- [Activity]: Everything in the data gets repeated exactly, except for the pictures.

- [Data]:
* * *

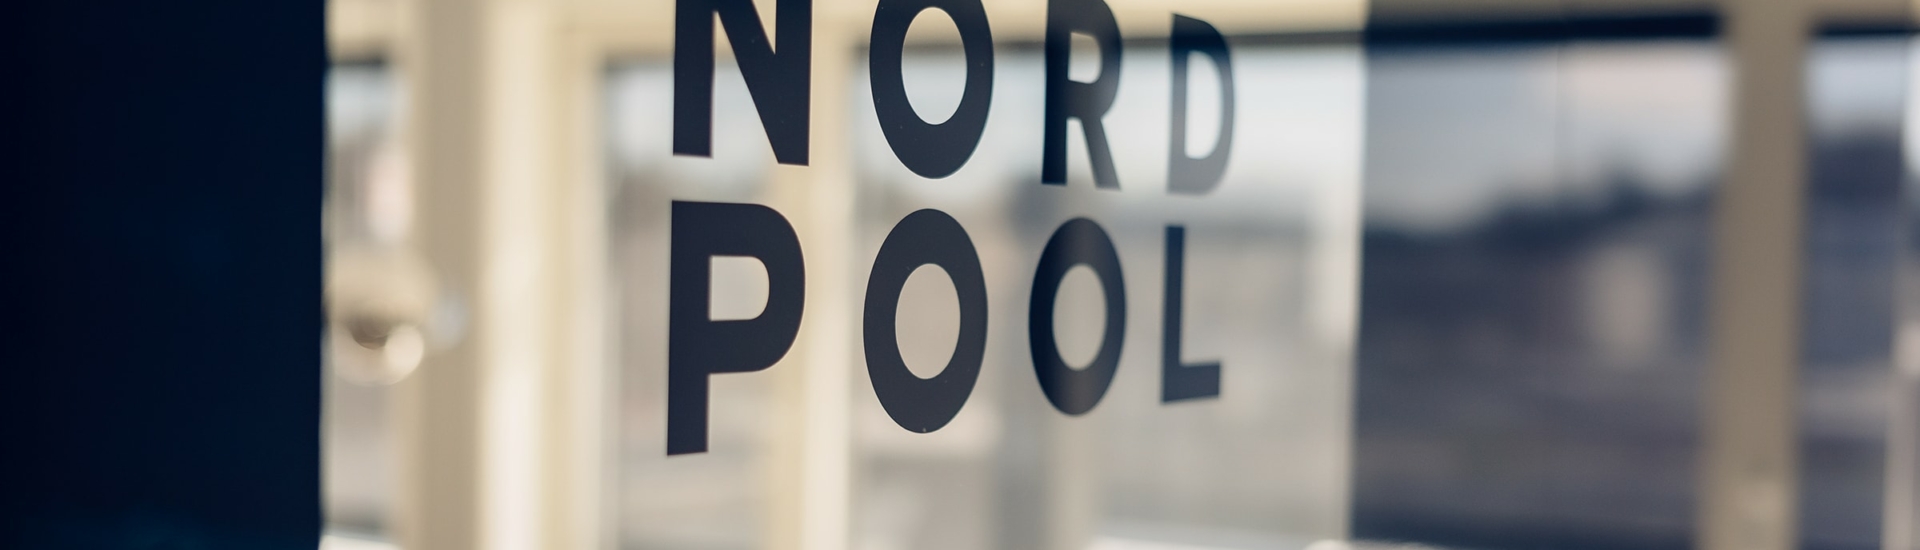 Nord Pool (photo by Ilja Hendel)
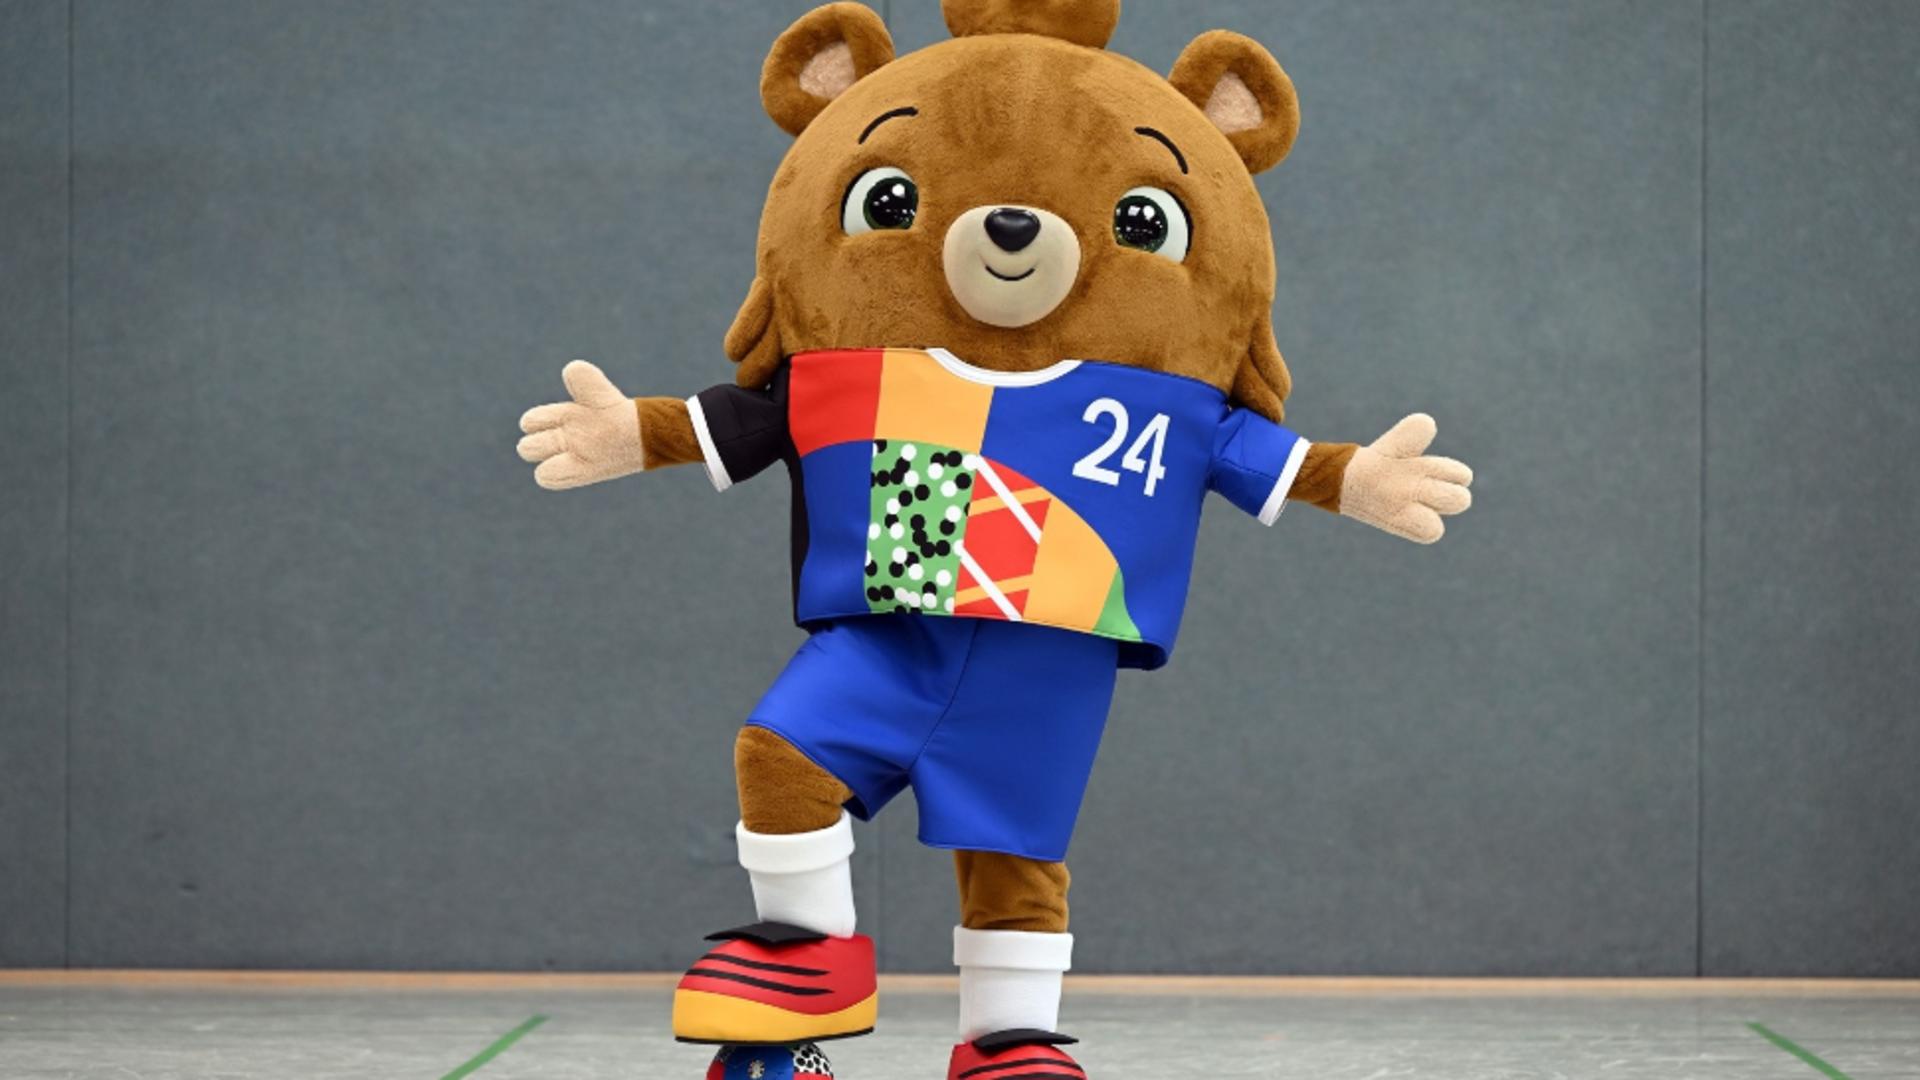 UEFA a prezentat mascota pentru EURO 2024. Ursul fotbalist nu are încă un nume, suporterii sunt invitați să îl „boteze”
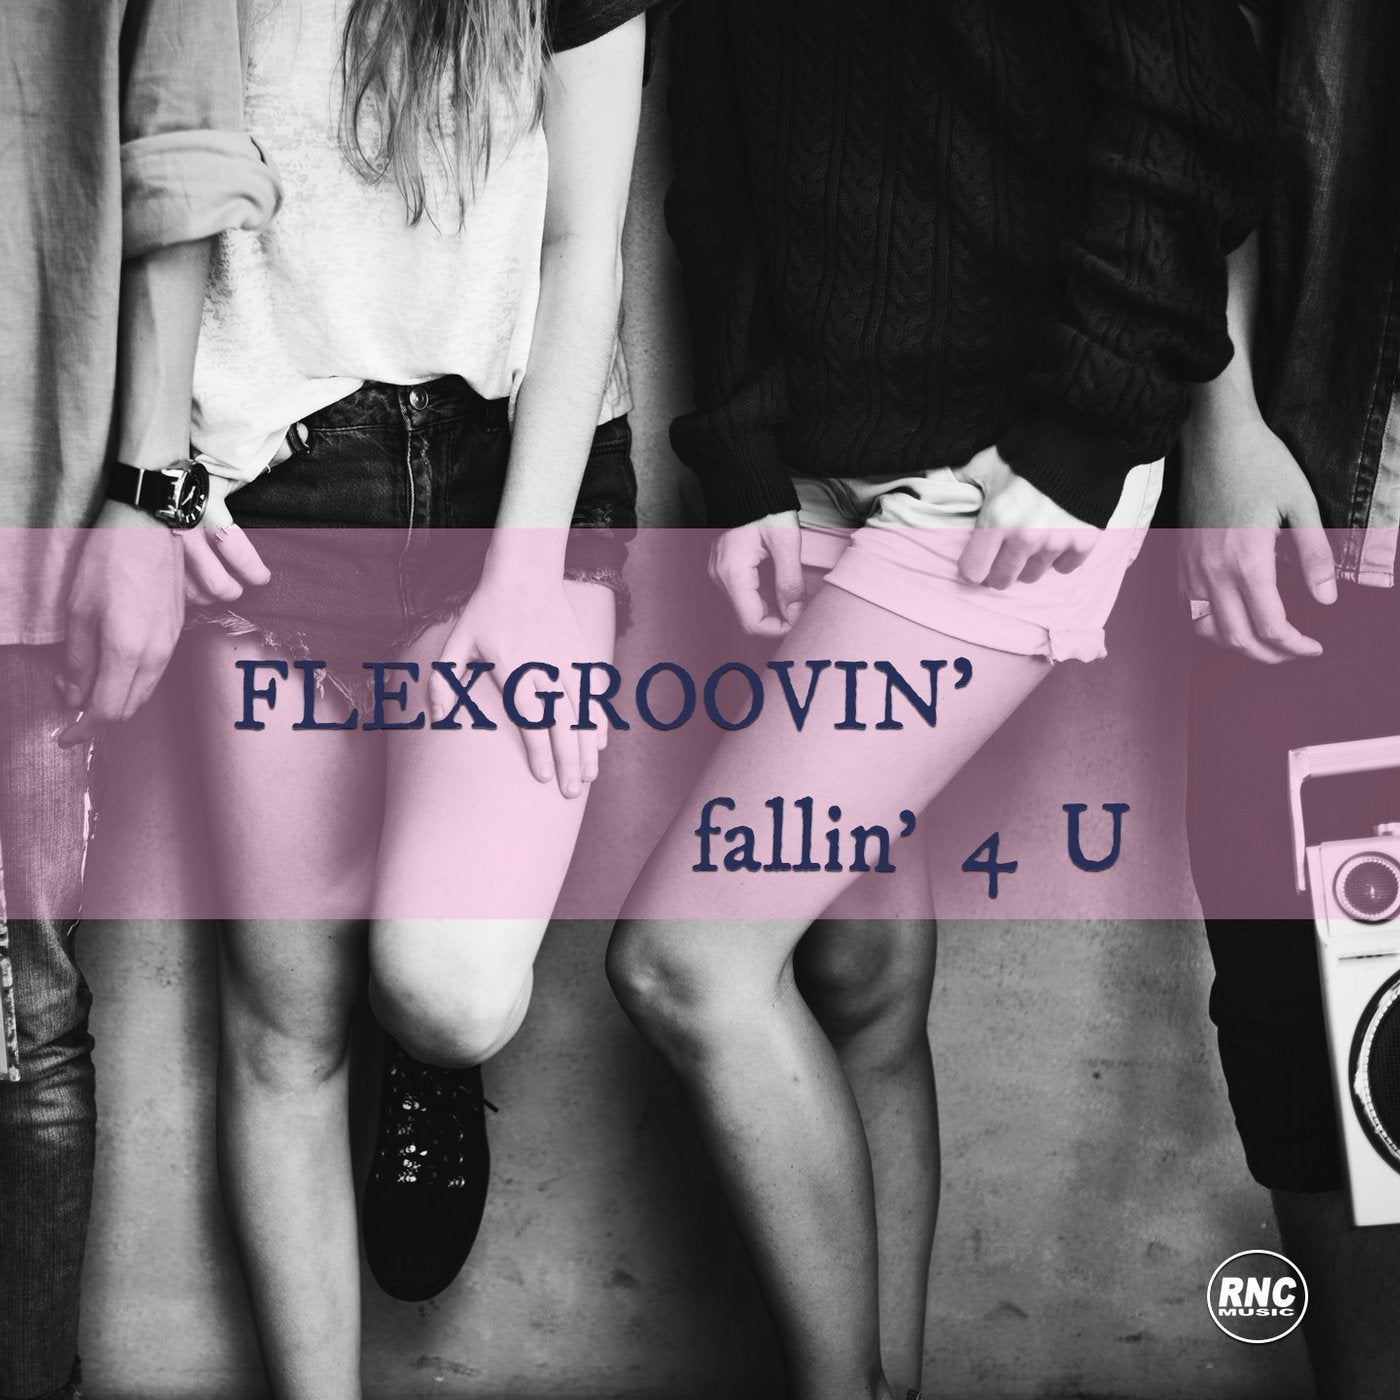 Fallin' 4 U

* * *

- [Solution]:
 Nord Pool (photo by Ilja Hendel)
 UEFA a prezentat mascota pentru EURO 2024. Ursul fotbalist nu are încă un nume, suporterii sunt invitați să îl „boteze”
 Fallin' 4 U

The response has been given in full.